Delegation forwarding Erramilli, Vijay; Crovella, Mark; Chaintreau, Augustin ...
Proceedings of the 9th ACM international symposium on Mobile ad hoc networking and computing,
05/2008
Conference Proceeding
Mobile opportunistic networks are characterized by unpredictable mobility, heterogeneity of contact rates and lack of global information. Successful delivery of messages at low costs and delays in ...such networks is thus challenging. Most forwarding algorithms avoid the cost associated with flooding the network by forwarding only to nodes that are likely to be good relays, using a quality metric associated with nodes.
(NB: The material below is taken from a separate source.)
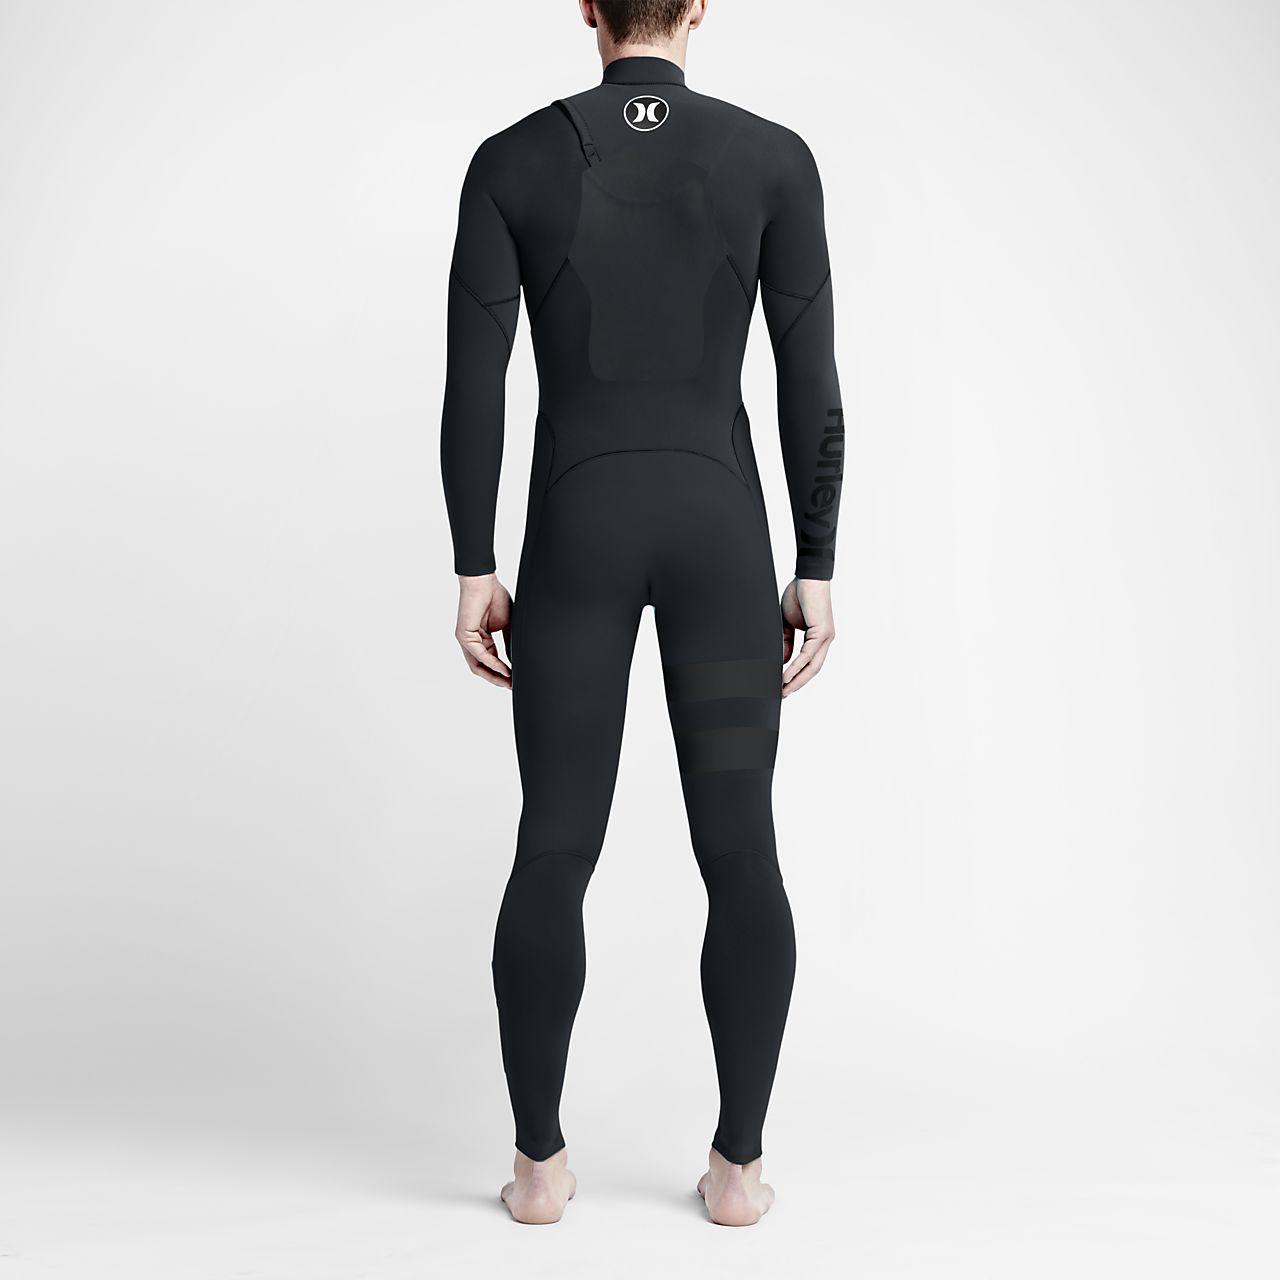 ... Hurley Fusion 403 Fullsuit Men's Wetsuit

However it is non-trivial to decide whether an encountered node is a good relay at the moment of encounter. Thus the problem is in part one of online inference of the quality distribution of nodes from sequential samples, and has connections to optimal stopping theory. Based on these observations we develop a new strategy for forwarding, which we refer to as delegation forwarding.
We analyse two variants of delegation forwarding and show that while naive forwarding to high contact rate nodes has cost linear in the population size, the cost of delegation forwarding is proportional to the square root of population size. We then study delegation forwarding with different metrics using real mobility traces and show that delegation forwarding performs as well as previously proposed algorithms at much lower cost. In particular we show that the delegation scheme based on destination contact rate does particularly well.